In an ETL pipeline, we update a table from an SQL database with a pandas dataframe. The table has about 2 milion rows, and the dataframe updates approximately 1 million of them. We do it with SQLAlchemy in Python, and the database is SQL Server (I think this is not too relevant for the question, but I'm writing it for the sake of completeness).

At the moment, the code is "as found", the update consisting of the following steps:

  1. Split the dataframe in many dataframes (the number appears to be fix and arbitrary, does not depend on the dataframe size).
  2. For each sub-dataframe, do an update query.

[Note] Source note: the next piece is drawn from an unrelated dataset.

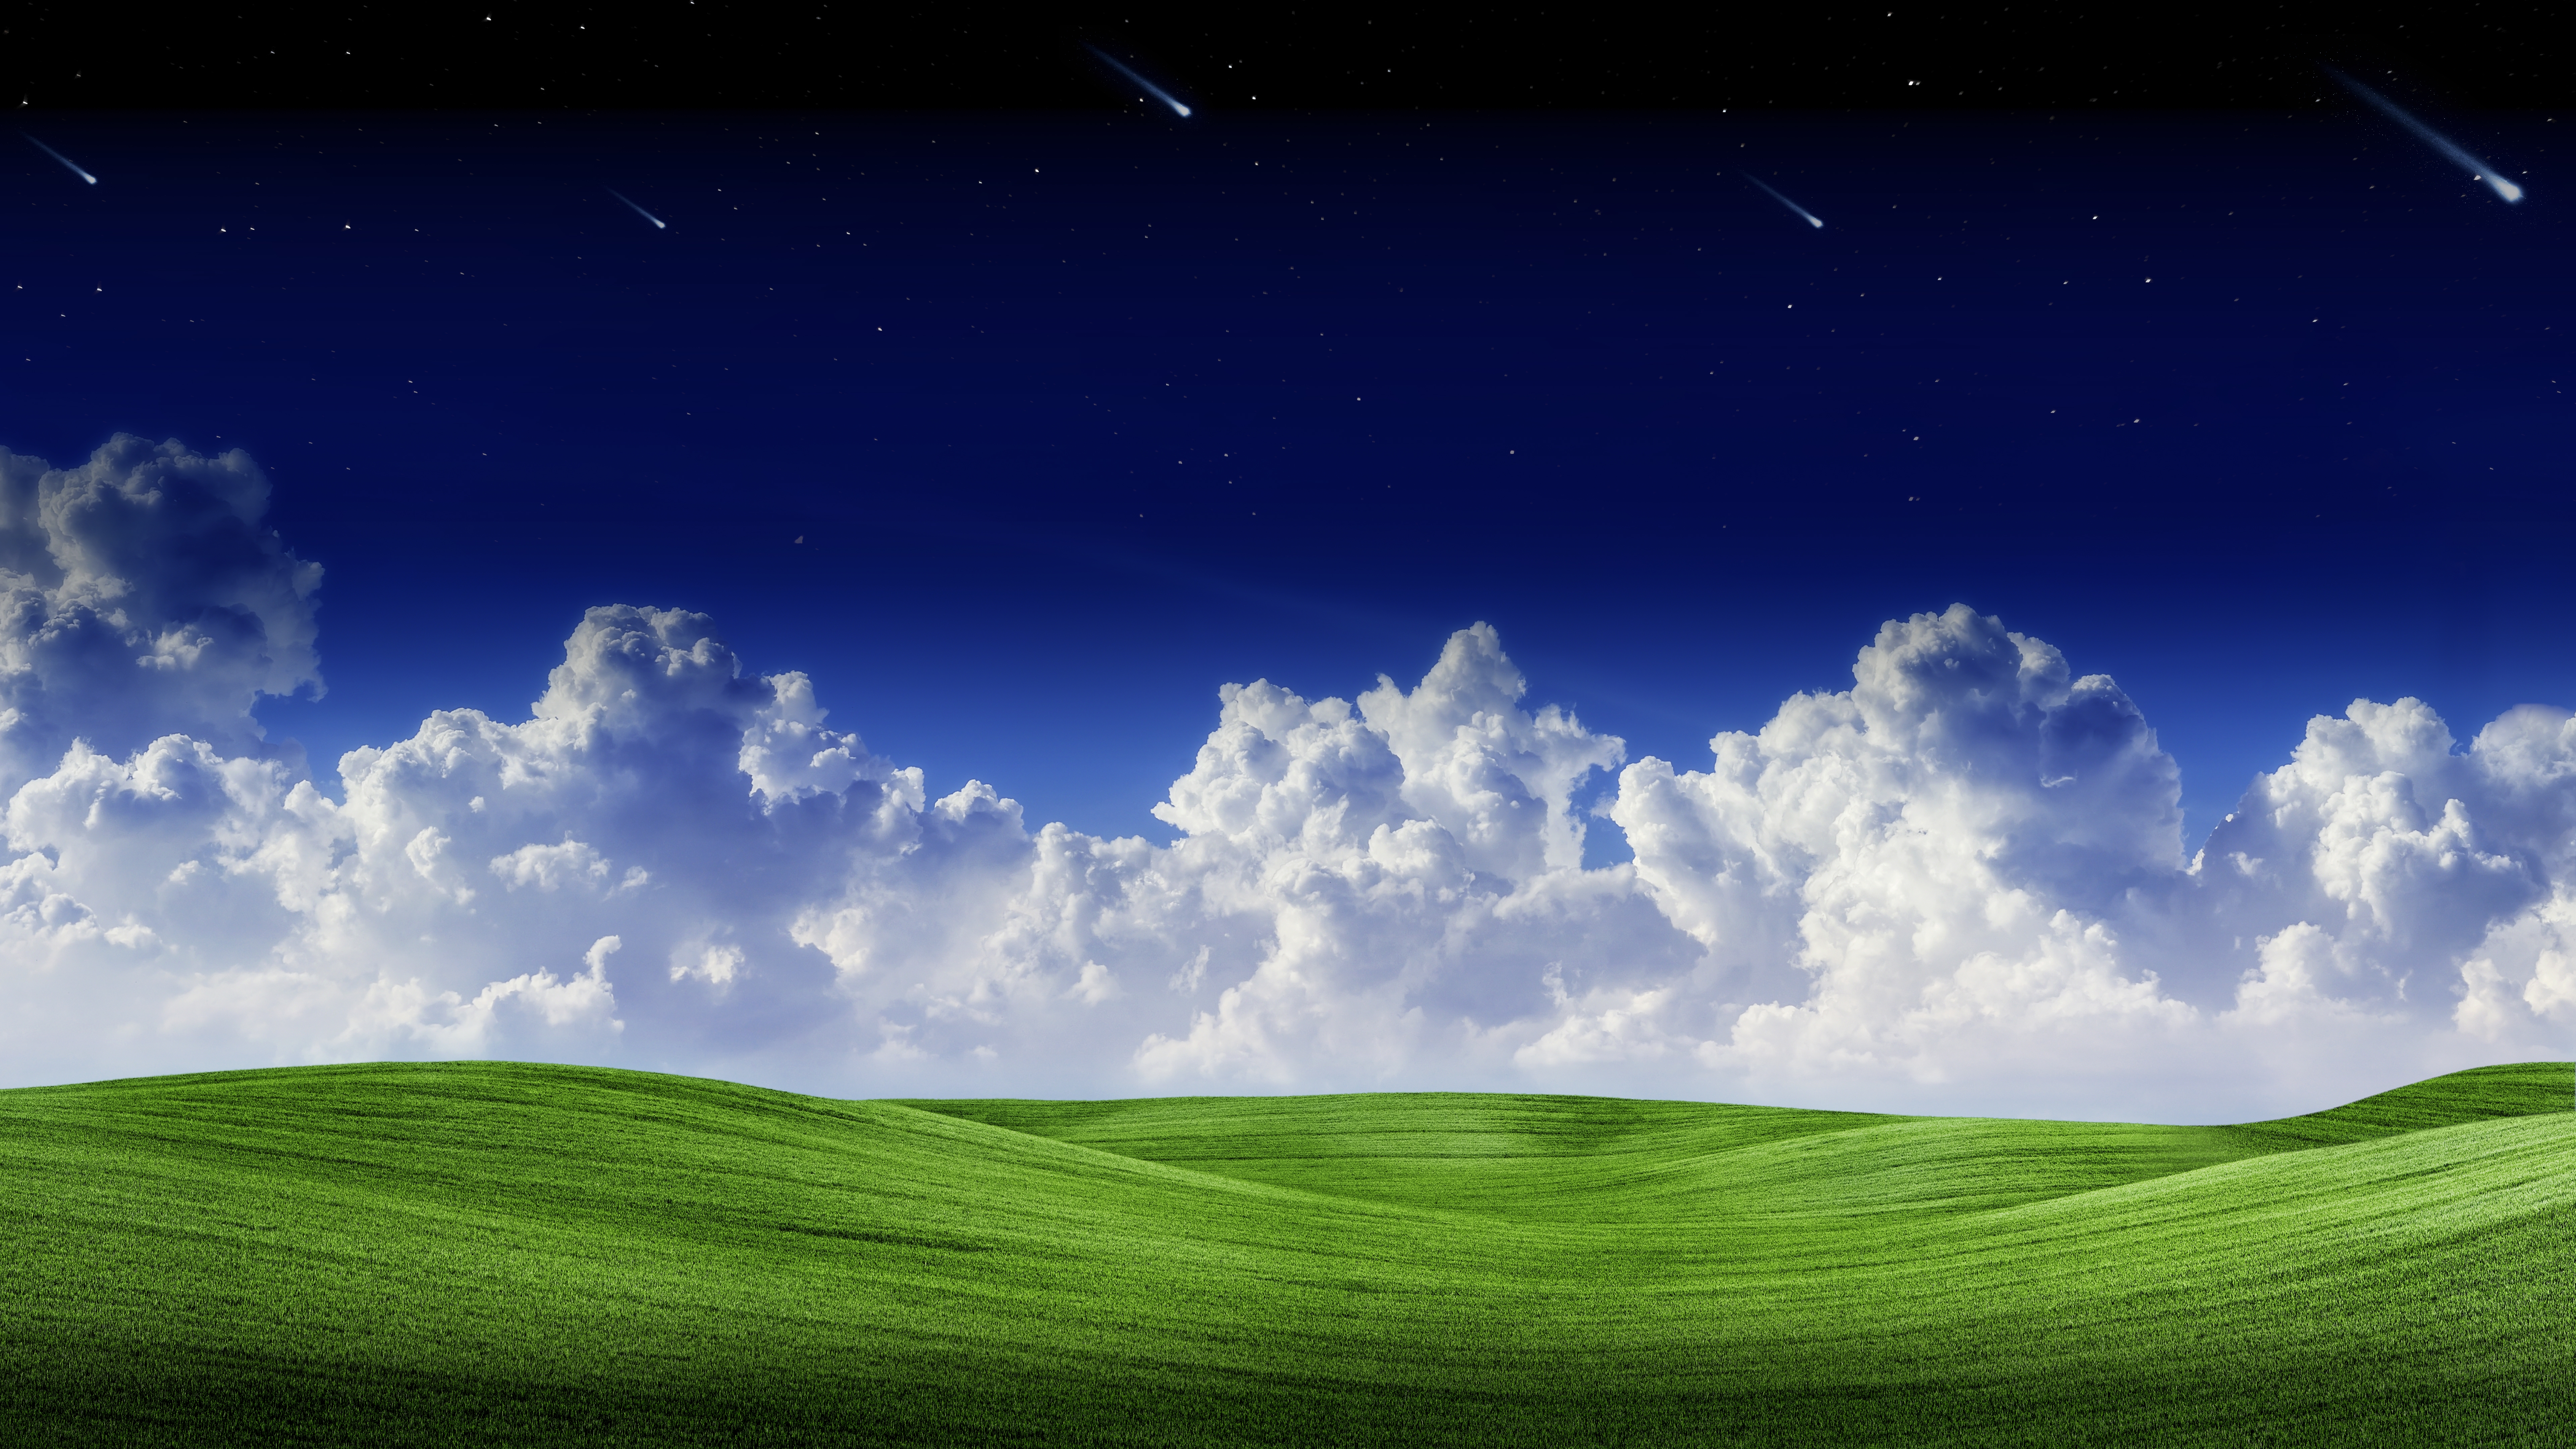 HD wallpaper, Clouds, 5K, Blue Sky, 8K, Green Grass, Starry Sky, Scenery, Falling Stars, Summer, Landscape, Scenic, Panorama

As it is, the process takes what (in my admittedly very limited SQL experience) appears to be too much time, about 1-2 hours. The table schema consists of 4 columns:

  • An id as the primary key
  • 2 columns that are foreign keys (primary keys in their respective tables)
  • A 4th column

Questions

  • What can I do to make the code more efficient, and faster? Since the UPDATE is done in blocks, I'm unsure of whether the index is re-calculated every time (since the id value is not changed I don't know why that would be the case). I also don't know how the foreign key values (which could change for a given row) enter the complexity calculation.

  • At what point does it make sense, if at any, to insert all the rows into a new auxiliary table, re-calculate the index only at the end, truncate the original table and copy the auxiliary table into it? Are there any subtleties with this approach, with the indices, foreign keys, etc.?

nabla
  • 235
  • 2
  • 11

0 Answers0